To handle diverse real-world tasks, robots must securely grasp objects of various shapes, textures, and sizes without unintentionally dropping them. Traditional methods improve this by increasing the robotic hand’s grip strength to avoid slippage.
Researchers Develop Bio-Inspired Motion Control to Prevent Slippage in Robotic Hands
Researchers from several universities and labs have proposed new methods to stop objects from slipping from robotic hands. Their technique adjusts the movement paths the hand follows during manipulation, rather than relying solely on grip force. The system, combining a robotic controller with bio-inspired trajectory modulation, was detailed in Nature Machine Intelligence.
“The idea for this work was inspired by a familiar human experience,” said Amir Ghalamzan, senior author of the study, in an interview with Tech Xplore.

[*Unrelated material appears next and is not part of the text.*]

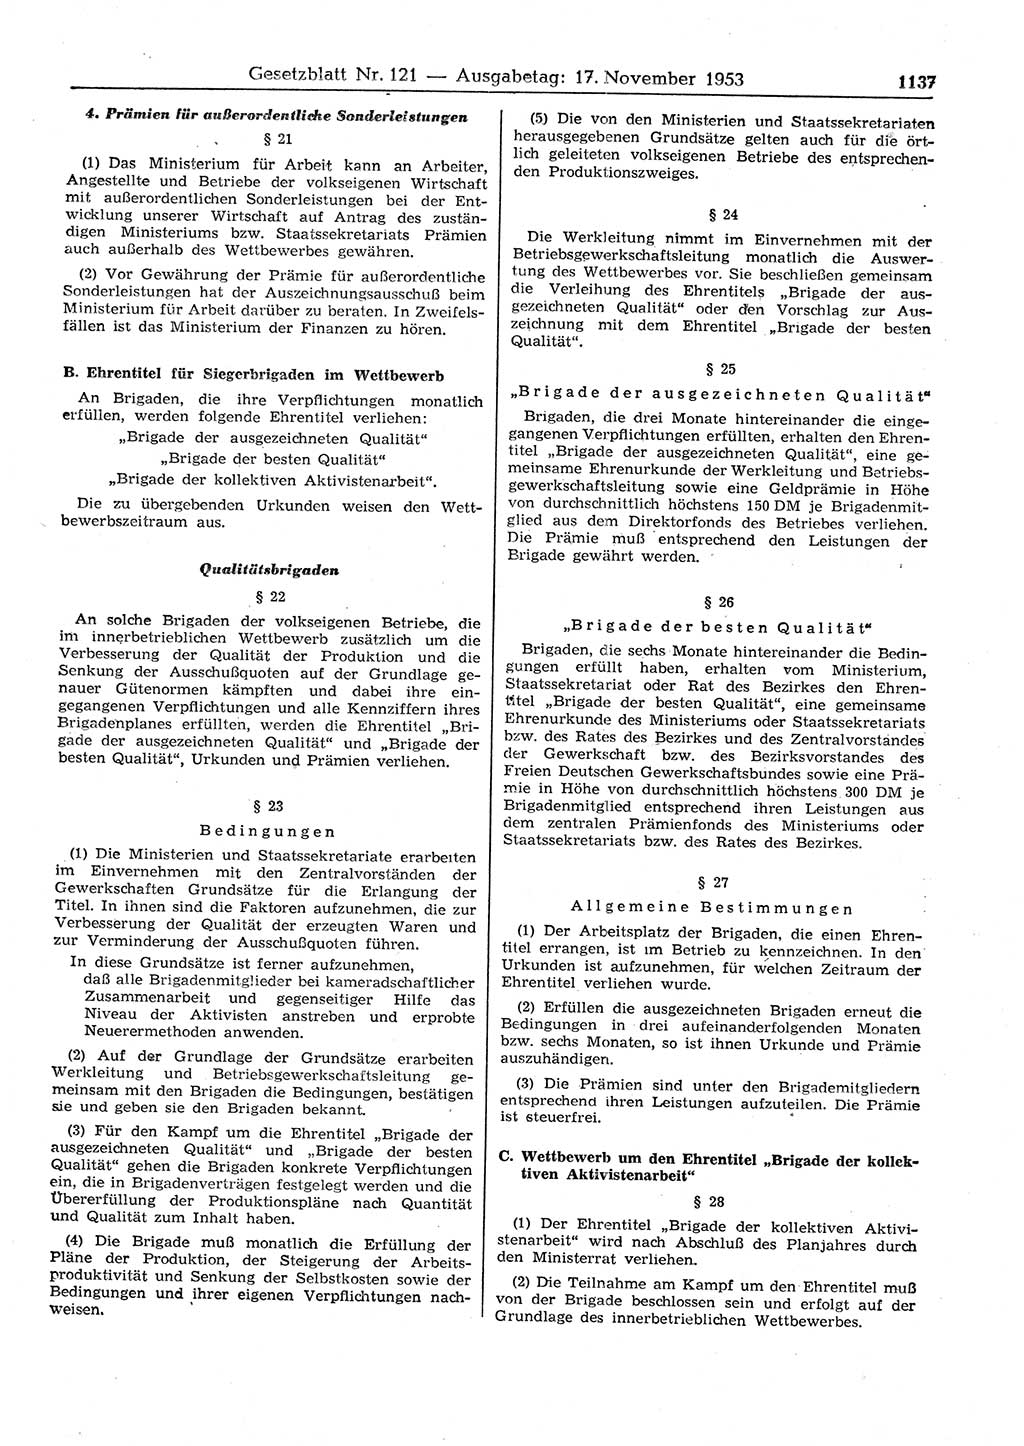 Gesetzblatt (GBl.) der Deutschen Demokratischen Republik (DDR) 1953, Seite 1137 (GBl. DDR 1953, S. 1137)

Teaching Robots to Adjust Movements Like Humans to Protect Fragile Objects
When sensing a delicate object might slip, people adjust movements—slowing, tilting, or shifting—rather than just tightening their grip. In contrast, robots have traditionally relied on increasing grip strength, which can be ineffective and may even harm fragile items. Our goal was to explore ways to make robots respond more like humans in such situations,” explained Ghalamzan.
The study aimed to create a controller that predicts slip and adjusts movements, using bio-inspired trajectory modulation with grip-force control for more dexterous manipulation.
“Our method replicates the way humans rely on internal models to interact with their surroundings,” Ghalamzan said. Like the brain anticipating actions, the robot’s data-driven ‘world model’ predicts tactile feedback to detect and prevent slips in advance.
The controller lets robots adjust speed, direction, and hand position in real time instead of just increasing grip strength.. By securing objects through movement adjustments, this method can lower the risk of damaging delicate items. It also works when grip force can’t be changed, enabling more fluid, intelligent interactions.
Novel Motion-Based Slip Controller Enhances Grip-Force Control
“Our research delivers two major innovations,” Ghalamzan explained. First, we present a unique motion-based slip controller that complements grip-force control, useful when increasing grip isn’t possible.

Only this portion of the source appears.